# DATA PROVIDED
⁂
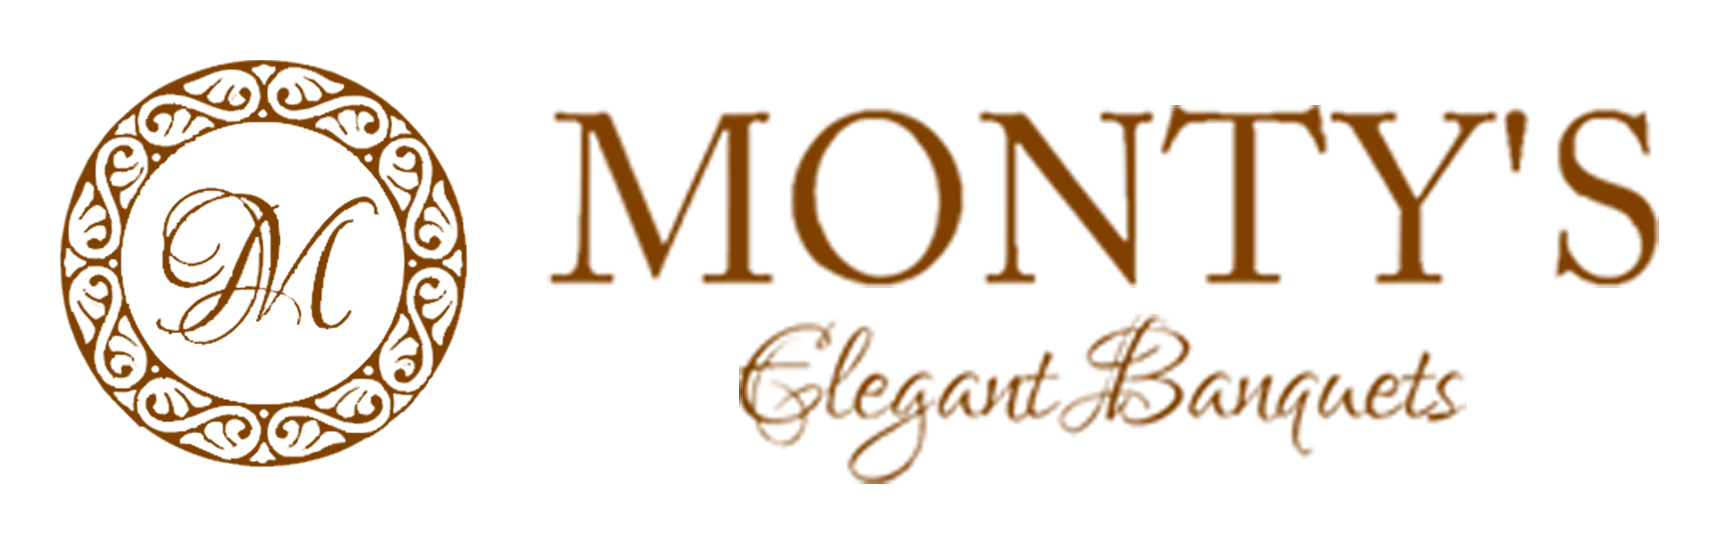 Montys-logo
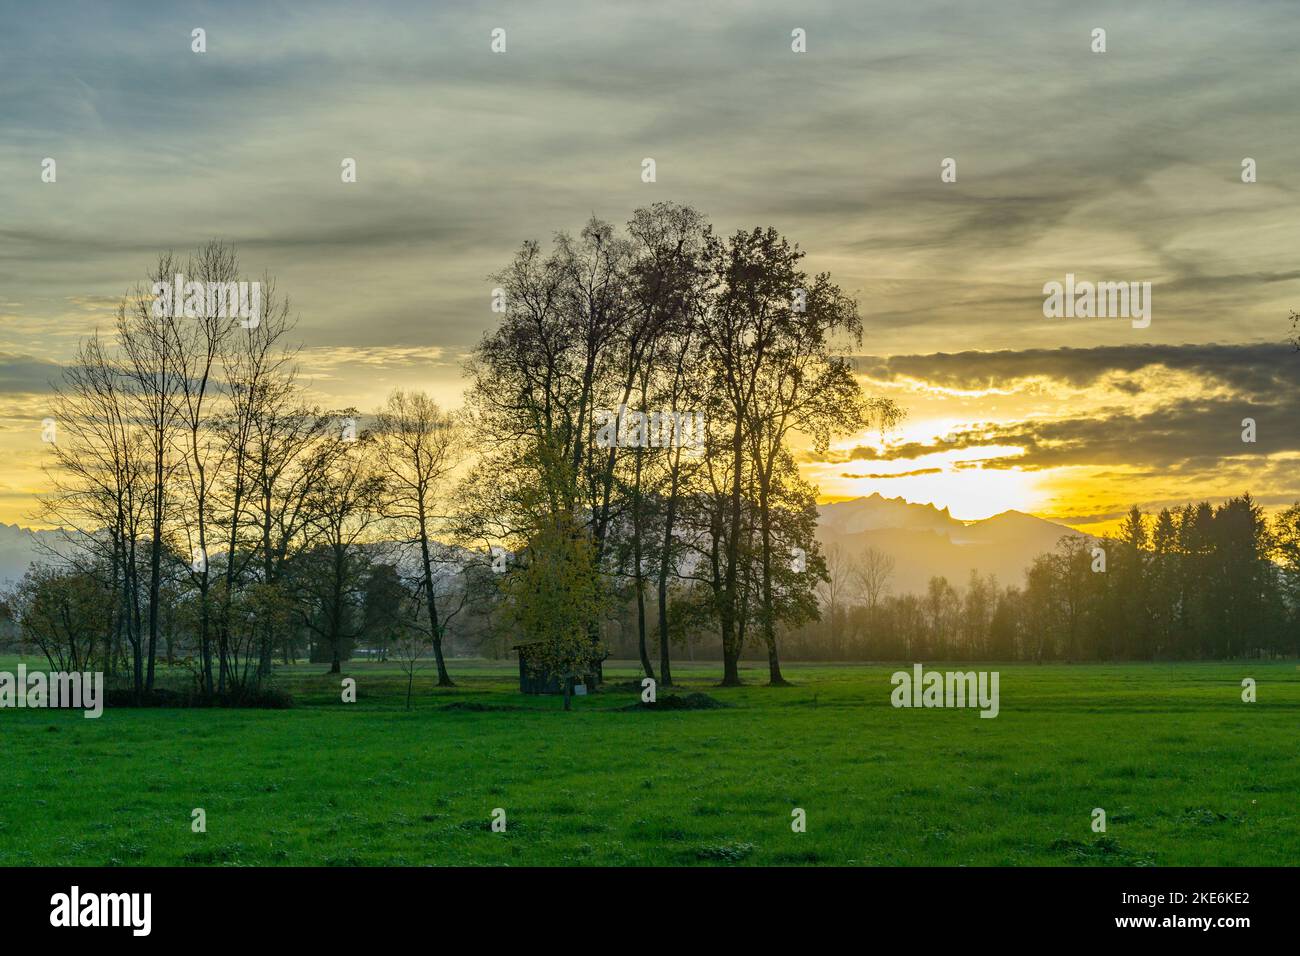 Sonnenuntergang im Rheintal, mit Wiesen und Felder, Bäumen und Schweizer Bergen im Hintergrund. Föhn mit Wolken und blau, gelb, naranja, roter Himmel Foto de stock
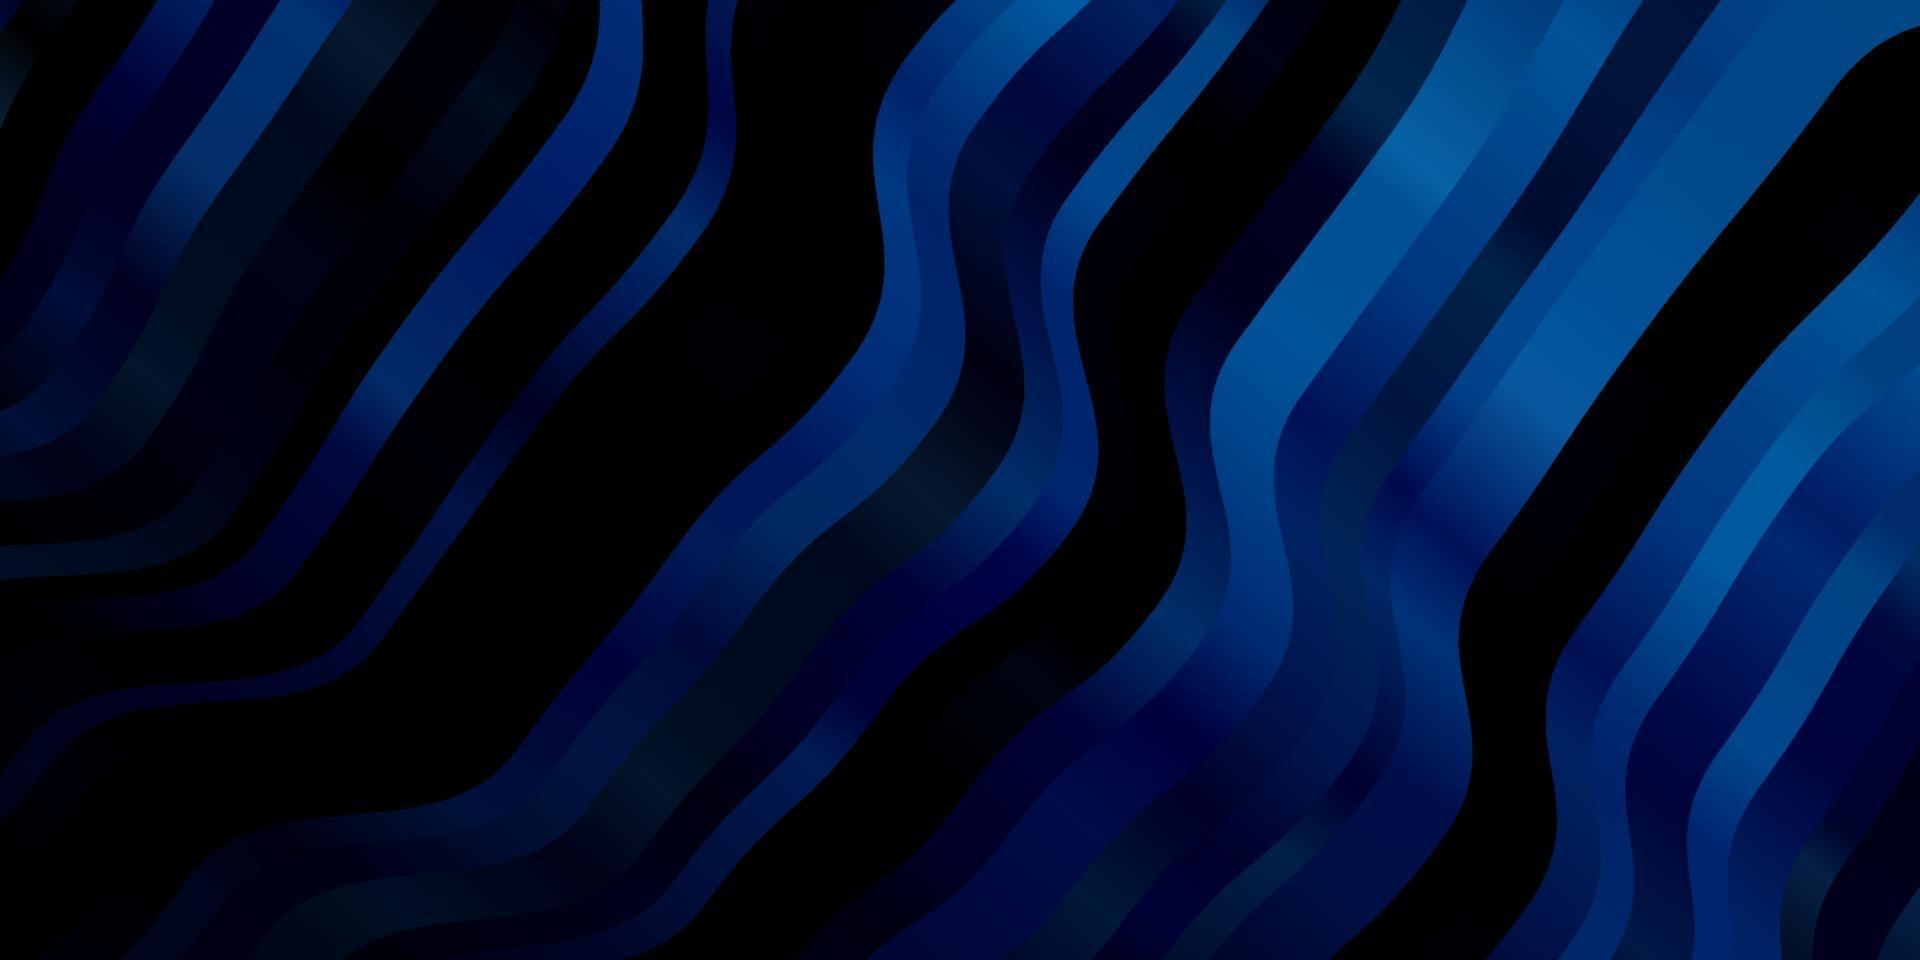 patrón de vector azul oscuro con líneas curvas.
⁂
# ABOUT THIS TASK
Take the data above and set it down exactly, images excluded.

# SOLUTION TO THIS PROBLEM
 Montys-logo
 Sonnenuntergang im Rheintal, mit Wiesen und Felder, Bäumen und Schweizer Bergen im Hintergrund. Föhn mit Wolken und blau, gelb, naranja, roter Himmel Foto de stock
 patrón de vector azul oscuro con líneas curvas.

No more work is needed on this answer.